FTC Sues Wyndham Hotels Over Repeated Data Breaches
The FTC alleges the Wyndham failed to protect its customers against the theft of their credit card information.
CREDIT: Wyndham Hotels and Resorts
The U.S. Federal Trade Commission has filed a lawsuit against Wyndham Worldwide Corp., alleging that the global hotel chain unnecessarily exposed customers' credit card data and other personal information to theft and unauthorized access. The complaint cites three separate data breaches against which Wyndham failed to protect its customers.

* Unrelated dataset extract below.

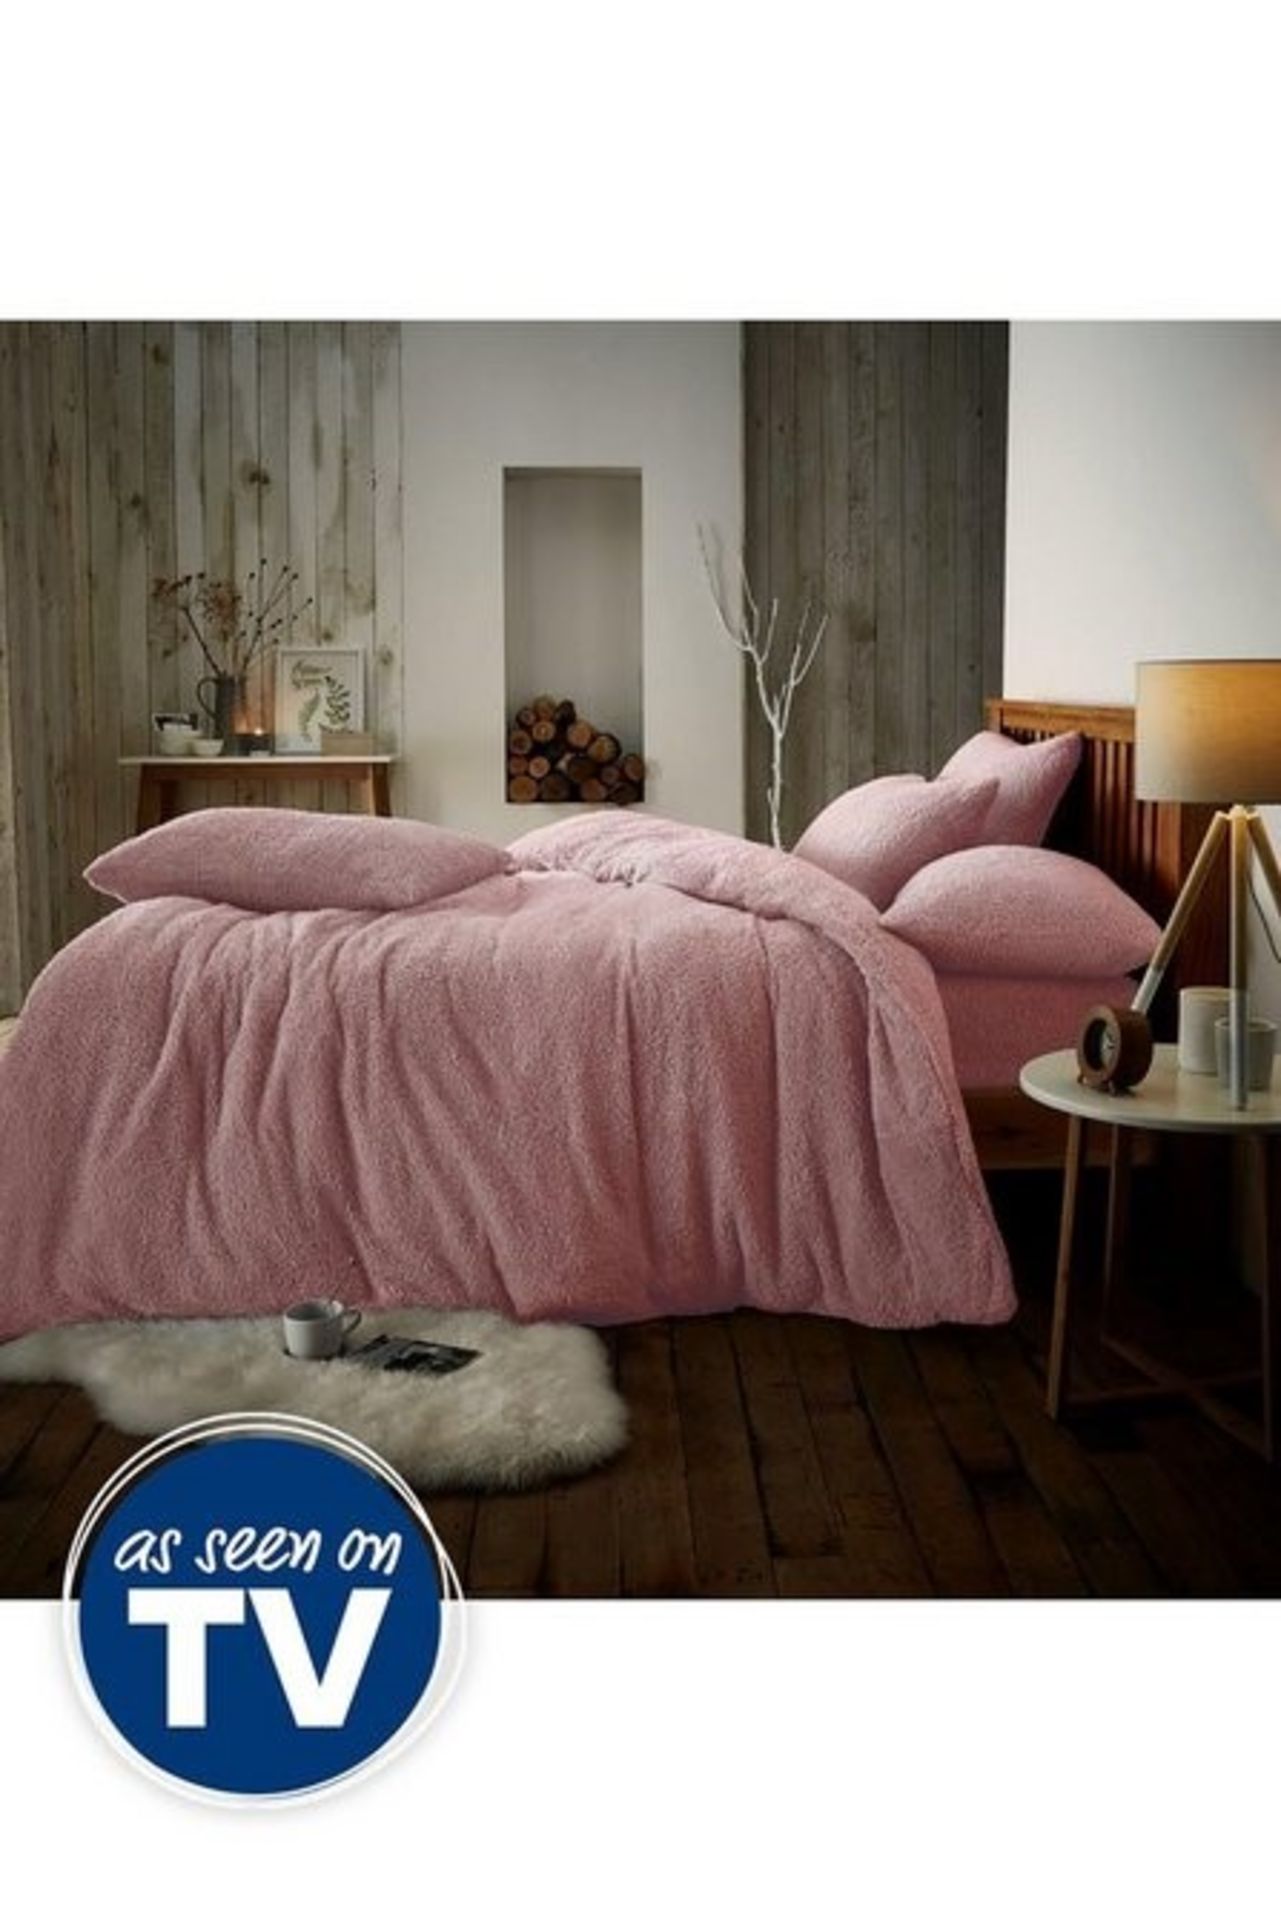 1 AS NEW BAGGED ULTRA COSY TEDDY FLEECE DOUBLE DUVET SET IN PINK (VIEWING HIGHLY RECOMMENDED)

The defendants in the case are: Wyndham Worldwide Corp.; its subsidiary, Wyndham Hotel Group LLC, which franchises and manages approximately 7,000 hotels; and two subsidiaries of Wyndham Hotel Group — Wyndham Hotels and Resorts LLC and Wyndham Hotel Management Inc.
According to the FTC lawsuit, cybercrooks first infiltrated the network of a Phoenix, Ariz., Wyndham-branded hotel, allowing them to compromise more than 500,000 payment card accounts and export hundreds of thousands of card account numbers to a domain registered in Russia.
This first data breach, in 2008, was followed by another in March 2009, when hackers siphoned clear text files containing the payment card information from more than 50,000 guests at 39 Wyndham-branded hotels. Again in 2009, another 28 Wyndham hotel servers were breached, leading to the breach of about 69,000 customers.
The criminals, believed to be the same in all three incidents, used the stolen financial data to make at least $10.6 million in fraudulent purchases.
In all cases, the FTC says Wyndham stored customers' credit card data in plain text, used default user IDs and passwords, did not deploy firewalls, allowed easy-to-guess passwords and did not conduct security investigations or protect its computers from malware.
"The lack of action after repeatedly being compromised is truly unacceptable behavior and without the oversight of agencies like the FTC, consumers are left unaware of the risk they are exposed to," Chet Wisniewski from the security firm Sophos wrote in a blog.
The suit is pending in federal court in Arizona.